David Bate, Transmission Review Stream of Consciousness
29 01 2010Comments : Leave a Comment »
Tags: David Bate, Reviews, Stream of consciousness voice, Transmission ramblings, Transmission Reviews
Categories : Transmission Reviews
David Bate/ Michelle Atherton, Transmission
10 01 2010Transmission
18 November 2009
NOT THE OTHER.
David Bate. Host: Michelle Atherton.
I come in this transmission to learn more about the notion of difference, the title is attractive. David Bate is the name of the photographer, his lecture is on friendship, the notion of the OTHER. On the screen, an image of Gustave Courbet’s painting “Bonjour Monsieur Courbet.” The original is displayed in Montpellier’s Museum.
Michelle Atherton introduces the photographer as her best friend, then follow words ok kindness, generosity and… of true friendship.
Then the photographer starts by giving some explanations on what friends are, what friendship is, why one chooses to be with another. A friend is another. Being friend is sharing points of view, physical sensations of being together, recognizing sameness and difference. I can not help but agree with the presentation, because all my present work is based on otherness, relationship, friendship, questioning the Otherness…
He then extracts highlights of works which seem relevant, talks about some narrative background of 19th and 20th century : communism and fascism.

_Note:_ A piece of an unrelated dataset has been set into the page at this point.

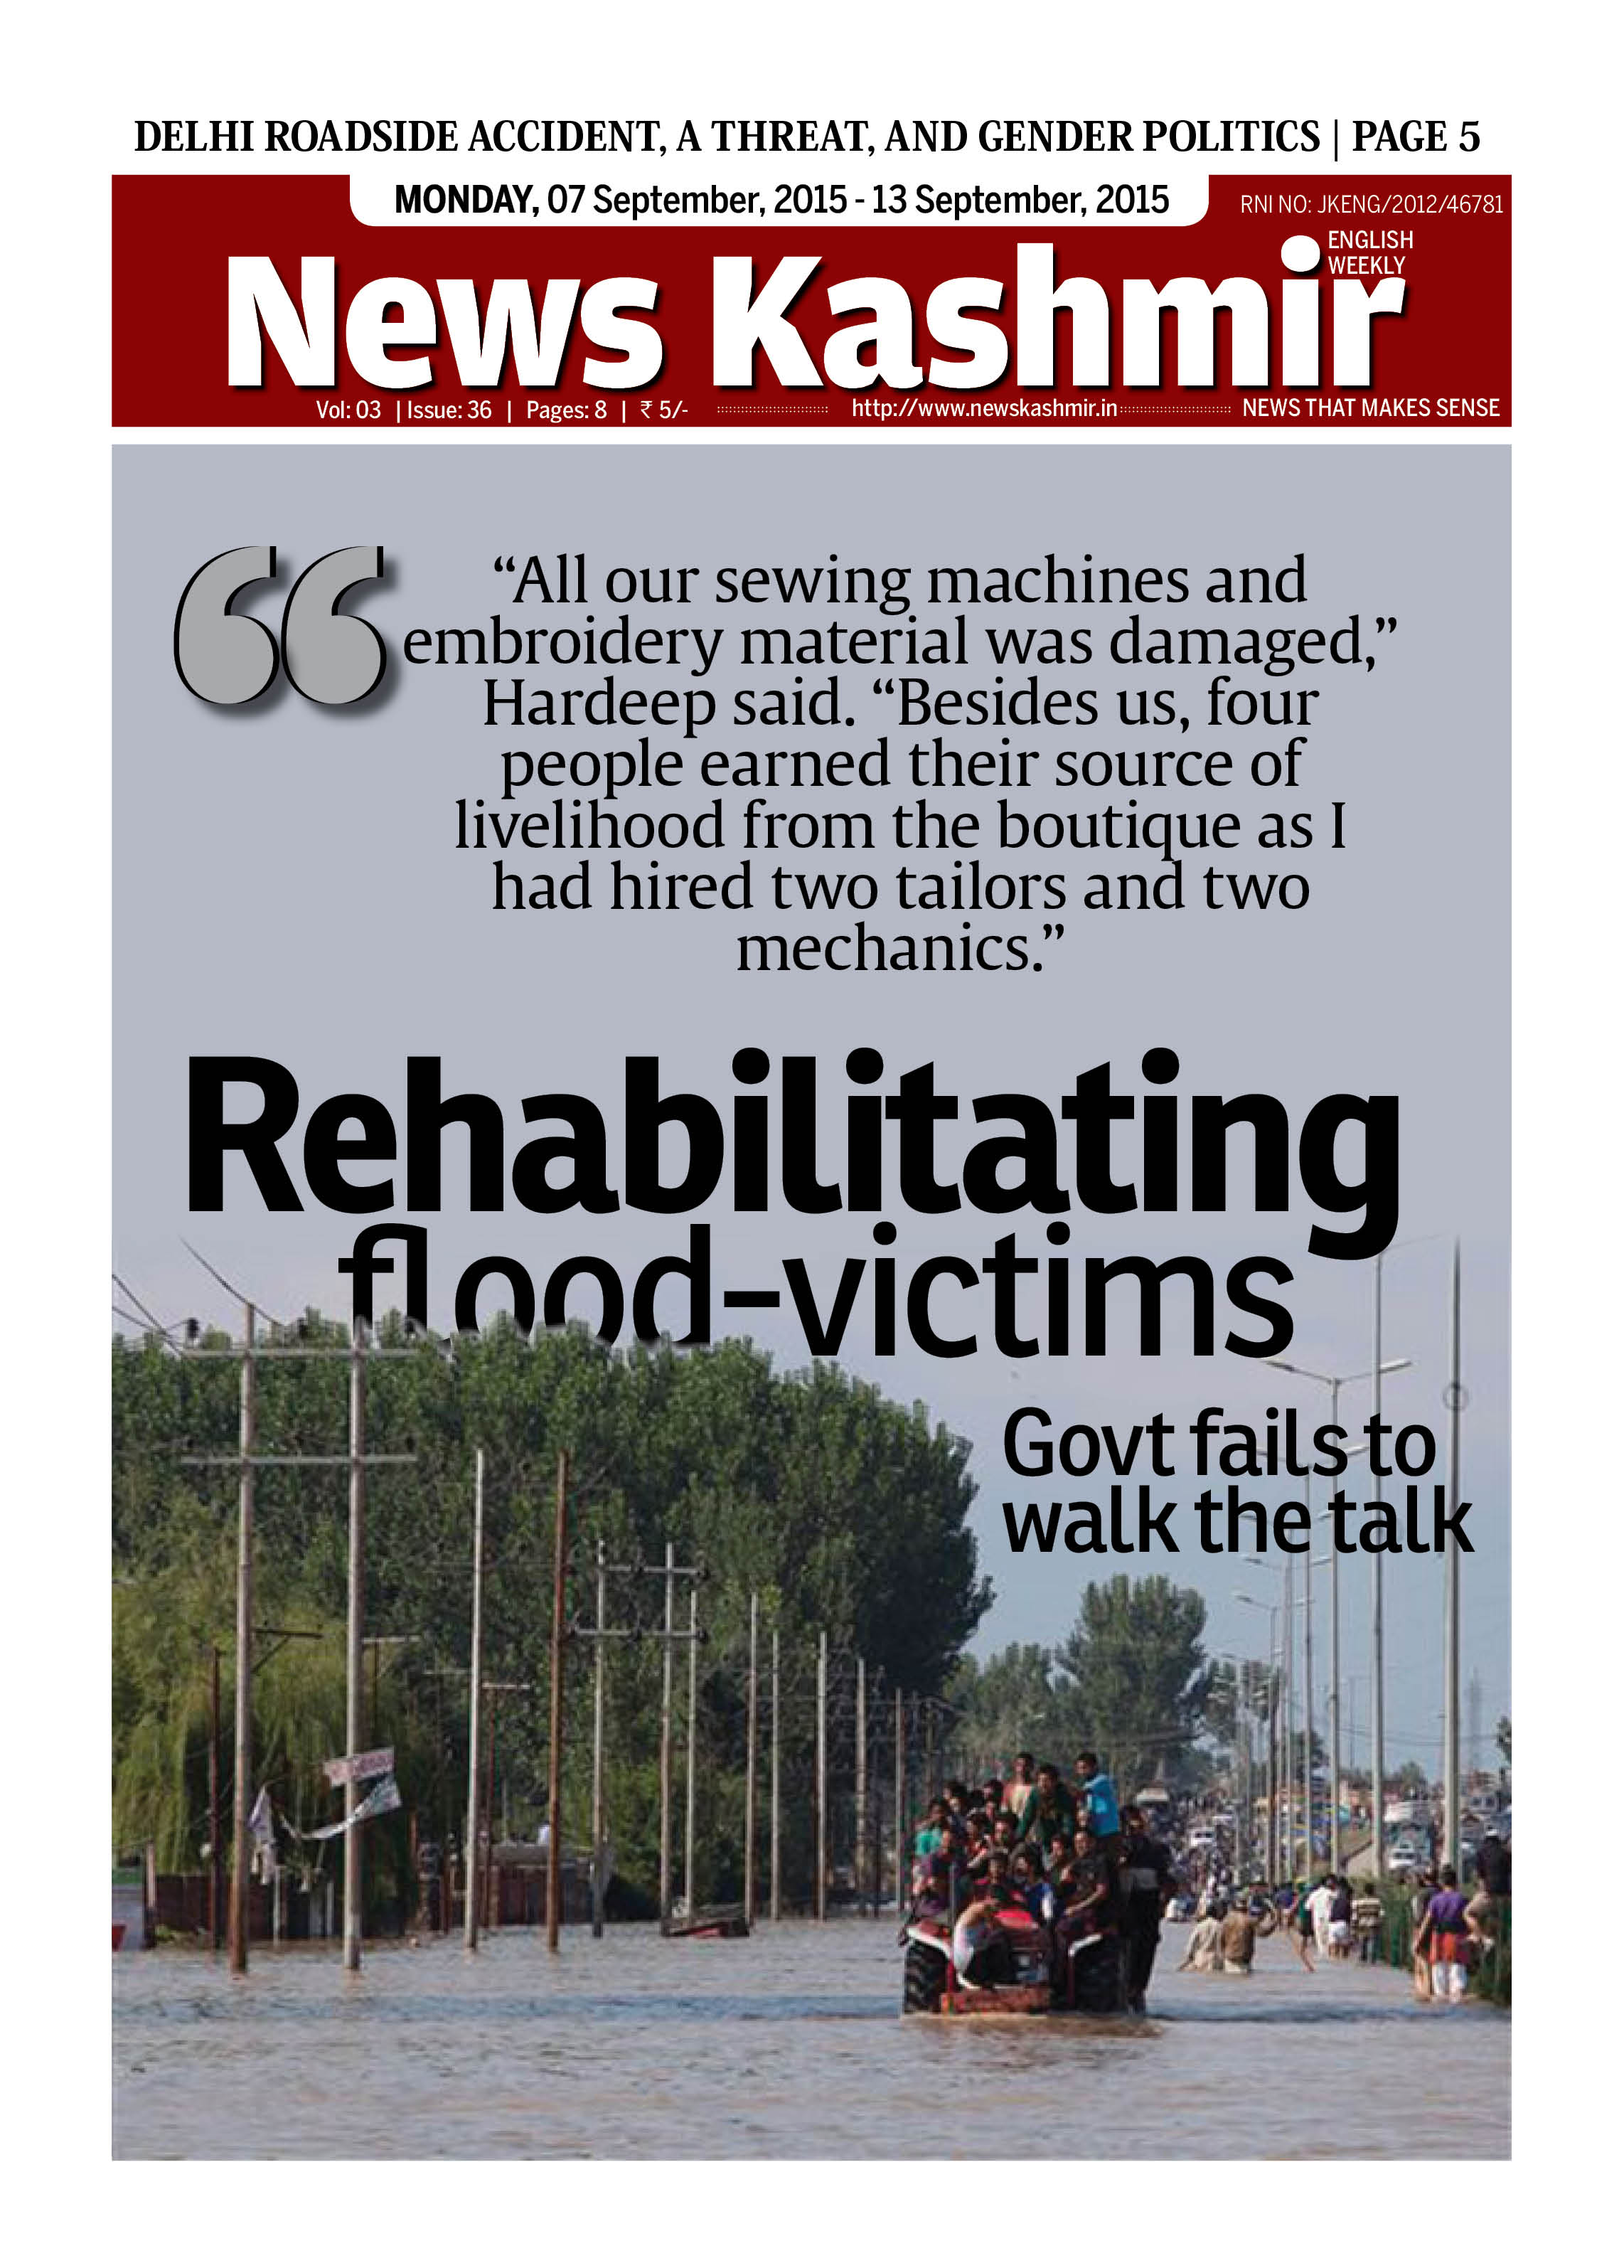 Rehabilitating flood-victims-Govt fails to walk the talk

According to him, Fascism is linked to nostalgia, to returning to the past, to the purity of the past, the purity of the race. It is an idea of purification while communism is getting rid of the past, going forward.
Through his European Letters, a series of photos, he tries to explain the idea of “the Other” in what he calls a post-communism world. By exploring the strangeness, by manipulating the images with the computer, they become broke. What is familiar to us may become strange. Exploring the way to work, it’s experimental, the images become strange. (e.g how European families use and move in caravan)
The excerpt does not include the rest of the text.